Con la valuta libanese in caduta libera, e la guerra in Ucraina che ha ulteriormente esacerbato l’impennata dei prezzi e la diffusa carenza di cibo, carburante e medicine, molti come Mohammad e Asmaa hanno dovuto ricorrere a saltare i pasti o mandare i loro figli a lavorare solo per sopravvivere.
È una storia simile per molti dei 5,7 milioni di rifugiati siriani che attualmente vivono in Turchia, Libano, Giordania, Iraq ed Egitto, così come per le comunità locali che li ospitano. Le turbolenze socio-economiche e le continue scosse di assestamento della pandemia di COVID-19 hanno spinto sempre più famiglie nella povertà, creando livelli di difficoltà senza precedenti a 11 anni dalla crisi siriana.
Mantenere il sostegno salvavita per più di 20 milioni di rifugiati siriani e per i membri delle loro comunità ospitanti sarà al centro di una conferenza internazionale dei donatori sul futuro della Siria e della regione il 10 maggio a Bruxelles. Per le famiglie alle prese con bisogni crescenti e opportunità economiche in calo, la continua assistenza internazionale è più vitale che mai, nonostante la miriade di crisi globali che richiedono l’attenzione dei donatori.
Per Mohammad e Asmaa, la loro situazione è peggiorata dal fatto che attualmente nessuno dei due può lavorare. Mohammad soffre di lesioni causate da sforzi ripetitivi alle braccia. Provando dolore costantemente, non può svolgere il lavoro manuale nell’edilizia e nell’agricoltura su cui fanno affidamento molti rifugiati siriani. Asmaa lavorava nei campi per mantenere la famiglia, ma ora, incinta di nove mesi, non è più possibile.
L’assistenza che ricevono dall’UNHCR, l’Agenzia ONU per i Rifugiati, non copre tutti i loro bisogni, e per disperazione, Arkan, 10 anni, è diventata la principale fonte di sostentamento della famiglia.
La sua giornata inizia presto. Si alza alle 6 del mattino e prende una grande borsa piena di pacchetti di fazzoletti da vendere sul ciglio della strada. Passa metà della sua giornata lì a guadagnare l’equivalente di 1-2 dollari prima che suo padre venga a prenderla.
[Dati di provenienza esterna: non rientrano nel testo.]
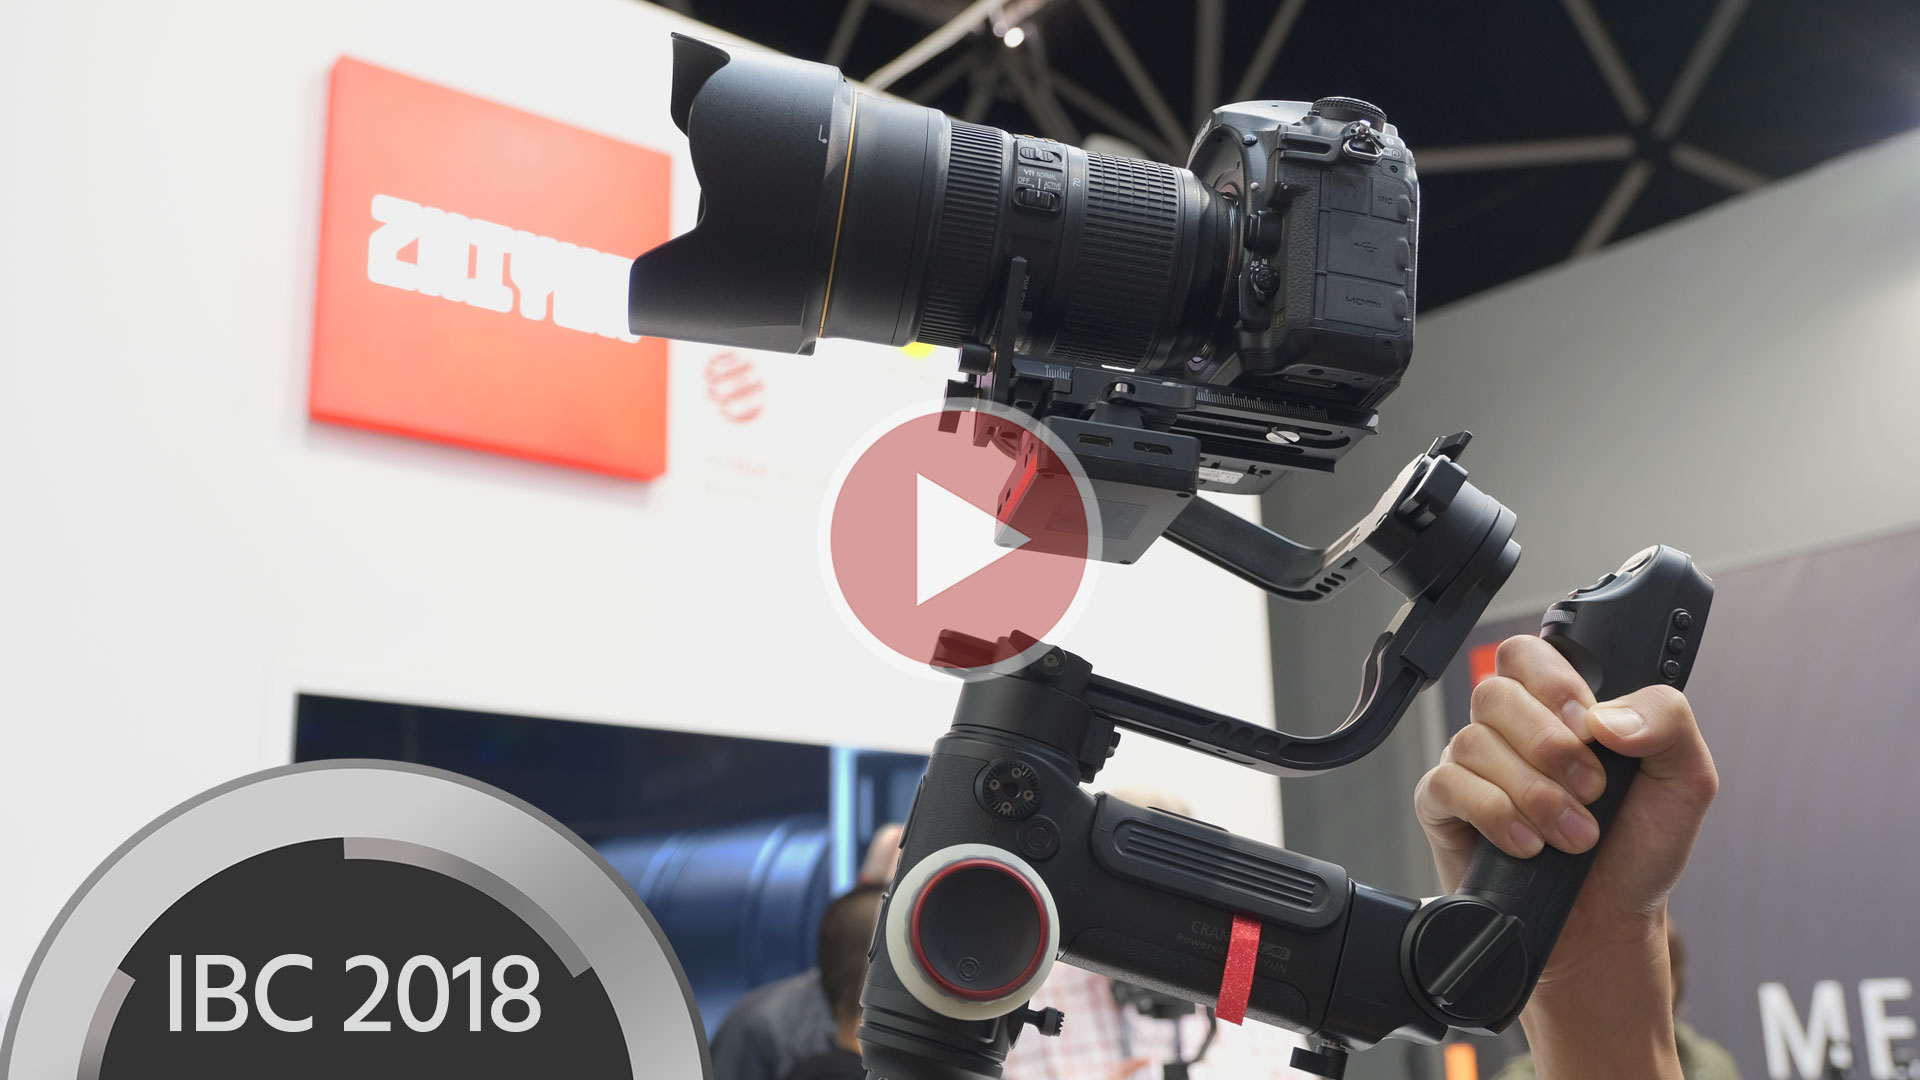 Zhiyun-TechがCrane 3 LABとWeebil LABハンドヘルドジンバルを発表

“Vengo spesso presa in giro mentre vendo i fazzoletti, e alcuni bambini mi tirano anche i capelli”, dice Arkan. “Ma devo aiutare mio padre”.
Mentre frequenta le lezioni pomeridiane a scuola, Arkan vorrebbe poter dedicare il suo tempo interamente alla sua istruzione. “Mi piacerebbe diventare un’insegnante quando sarò grande”, dice.
Oltre a preoccuparsi per sua figlia maggiore mentre è fuori per strada, Asmaa è anche in ansia per il suo bambino non ancora nato. “Ho paura di non essere in grado di partorire in una clinica perché non posso permettermelo”, dice. “È semplicemente denaro che non abbiamo”.
Quando il lavoro e le lezioni sono finalmente finite per il giorno, Arkan esce a giocare con i suoi fratelli e gli altri bambini dell’insediamento. Rincorrono una palla tra le tende e, per un breve momento, Arkan può dimenticare la responsabilità che porta per la sua famiglia ed essere di nuovo una bambina, sognando un futuro migliore e più sicuro.